A rare bust of Benjamin Franklin valued at more than $3 million was stolen from an upscale home in a Philadelphia suburb on August 24. Attorney George D'Angelo told FOX10 News he was at work when his housekeeper called.
"She said there had been a burglary at the house. So I and my son Christopher went from town in Philadelphia out to my home in Bryn Mawr, and there were 10 members of the local police here," he said.
The owner of the bust said a former housekeeper he'd never even met was a prime suspect.
"It was someone who was on the staff of a cleaning service that I employ. I never saw her," D'Angelo said.
According to D'Angelo, the service had fired 46-year-old Andrea Lawton just three days before his prized bust was stolen. But D'Angelo said Lawton still knew how to get into his house.
"So she knew the pattern of my home, and knew that the girls would appear on a Friday morning, and knew that the first one showed up to do the laundry. And then, there was a hiatus of about two hours before the other cleaning girls would show up," he explained.
He said she was familiar with his house.
"During that two hours the security system had been turned off, and because she had worked here knew the routine," he said.

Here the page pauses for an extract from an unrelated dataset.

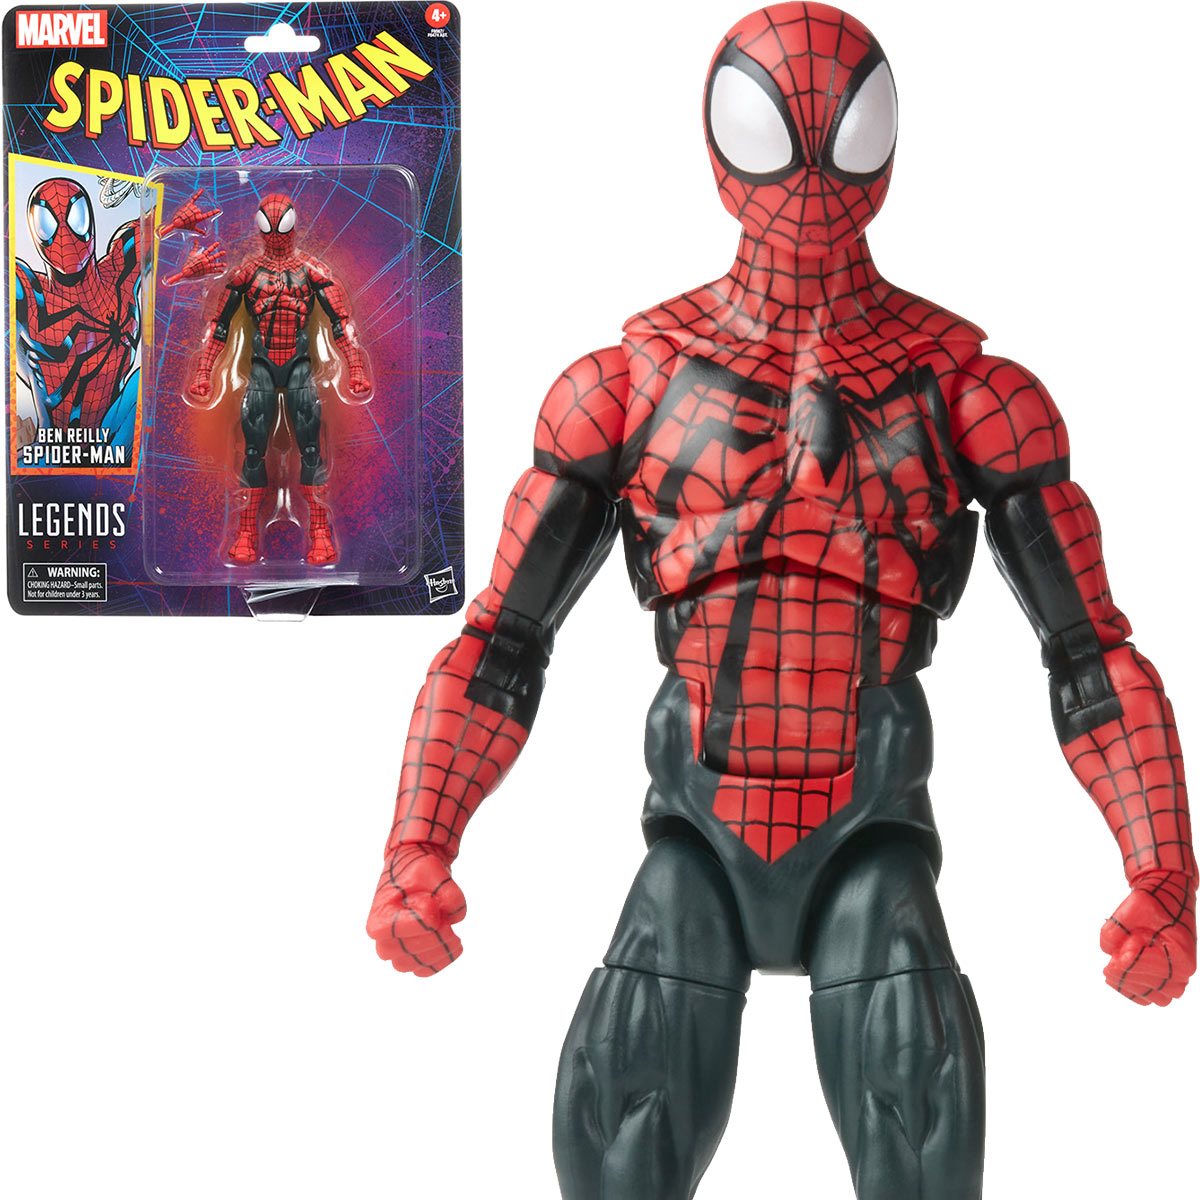 Spider-Man Retro Marvel Legends Ben Reilly Spider-Man Hasbro

The bust was on a pedestal in D'Angelo's drawing room. He said thinks Lawton intended to steal the Pedestal too.
"(She planned to take) the pedestal out of the house. When the other girls were showing up, she quickly departed. The pedestal was left behind," he said.
While police and the FBI were looking for Lawton up north, she was apparently in her hometown of Mobile with the stolen bust. But she didn't stay long.
Lawton got on a bus in Mobile last week and headed back north. She was arrested in Elkton, Maryland, on Friday. Police said she had the stolen bust in a duffel bag.
D' Angelo said Lawton apparently had no idea how difficult it would be to fence the rare item.
"It would be no way of her knowing the value of it, it would seem to me. And that's why I say the only thing that comes to mind is that it's bizarre for her to take that of all things."
The owner said the breastplate on the 25 pound bust was cracked. He's hoping he can get it repaired once it's returned.
"I looked upon the portrait bust as being a part of our history our treasure," he said.
Some other stolen items including a picture of conductor Victor Herbert and a baton have not been recovered.